_Task goal_
Please give the number of lines that hold the string "libro" in the listing, without any other words.

(Beginning of Input data)

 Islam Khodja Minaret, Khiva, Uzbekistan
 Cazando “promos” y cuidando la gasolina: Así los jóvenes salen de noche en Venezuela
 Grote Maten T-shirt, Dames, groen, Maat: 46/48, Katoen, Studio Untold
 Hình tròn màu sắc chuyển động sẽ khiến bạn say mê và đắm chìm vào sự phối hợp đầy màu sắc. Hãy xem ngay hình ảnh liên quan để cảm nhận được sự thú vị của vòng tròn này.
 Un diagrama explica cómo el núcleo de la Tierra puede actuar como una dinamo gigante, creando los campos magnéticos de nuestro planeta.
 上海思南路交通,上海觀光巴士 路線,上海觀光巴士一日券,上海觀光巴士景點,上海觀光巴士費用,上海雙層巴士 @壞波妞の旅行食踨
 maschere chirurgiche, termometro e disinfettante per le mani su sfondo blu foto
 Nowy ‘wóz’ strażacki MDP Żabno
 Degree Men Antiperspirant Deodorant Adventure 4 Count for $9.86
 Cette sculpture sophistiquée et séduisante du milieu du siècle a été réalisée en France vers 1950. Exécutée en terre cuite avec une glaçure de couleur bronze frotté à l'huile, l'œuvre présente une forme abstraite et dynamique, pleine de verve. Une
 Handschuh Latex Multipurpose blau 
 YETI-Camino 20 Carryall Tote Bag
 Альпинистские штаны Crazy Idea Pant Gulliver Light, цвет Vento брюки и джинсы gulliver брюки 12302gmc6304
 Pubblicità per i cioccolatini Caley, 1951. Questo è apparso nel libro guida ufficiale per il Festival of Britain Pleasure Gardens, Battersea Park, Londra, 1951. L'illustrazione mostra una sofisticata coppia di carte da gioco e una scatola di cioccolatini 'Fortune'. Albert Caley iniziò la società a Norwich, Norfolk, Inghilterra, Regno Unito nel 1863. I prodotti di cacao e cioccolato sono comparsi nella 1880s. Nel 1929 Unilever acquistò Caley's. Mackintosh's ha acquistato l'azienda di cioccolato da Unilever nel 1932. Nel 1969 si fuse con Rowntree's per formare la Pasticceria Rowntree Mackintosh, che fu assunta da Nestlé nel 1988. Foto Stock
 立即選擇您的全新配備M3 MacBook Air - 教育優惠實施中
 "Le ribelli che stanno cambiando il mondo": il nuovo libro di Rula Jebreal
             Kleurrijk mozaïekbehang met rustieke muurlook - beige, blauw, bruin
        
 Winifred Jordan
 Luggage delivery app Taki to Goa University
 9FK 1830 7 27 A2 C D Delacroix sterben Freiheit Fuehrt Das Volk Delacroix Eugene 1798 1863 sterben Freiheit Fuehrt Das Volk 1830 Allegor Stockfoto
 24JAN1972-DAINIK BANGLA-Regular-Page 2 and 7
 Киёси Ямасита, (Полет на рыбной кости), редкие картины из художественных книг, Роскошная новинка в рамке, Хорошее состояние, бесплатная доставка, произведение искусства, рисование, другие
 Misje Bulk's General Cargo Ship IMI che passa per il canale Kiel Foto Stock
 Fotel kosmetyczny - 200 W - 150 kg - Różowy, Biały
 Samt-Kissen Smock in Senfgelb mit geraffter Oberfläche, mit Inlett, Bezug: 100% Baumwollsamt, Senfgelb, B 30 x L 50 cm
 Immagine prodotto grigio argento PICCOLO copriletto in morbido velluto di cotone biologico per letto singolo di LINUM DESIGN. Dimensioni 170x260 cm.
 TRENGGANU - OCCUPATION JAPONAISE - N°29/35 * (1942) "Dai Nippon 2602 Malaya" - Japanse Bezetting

(End of Input data)

_Written response_
2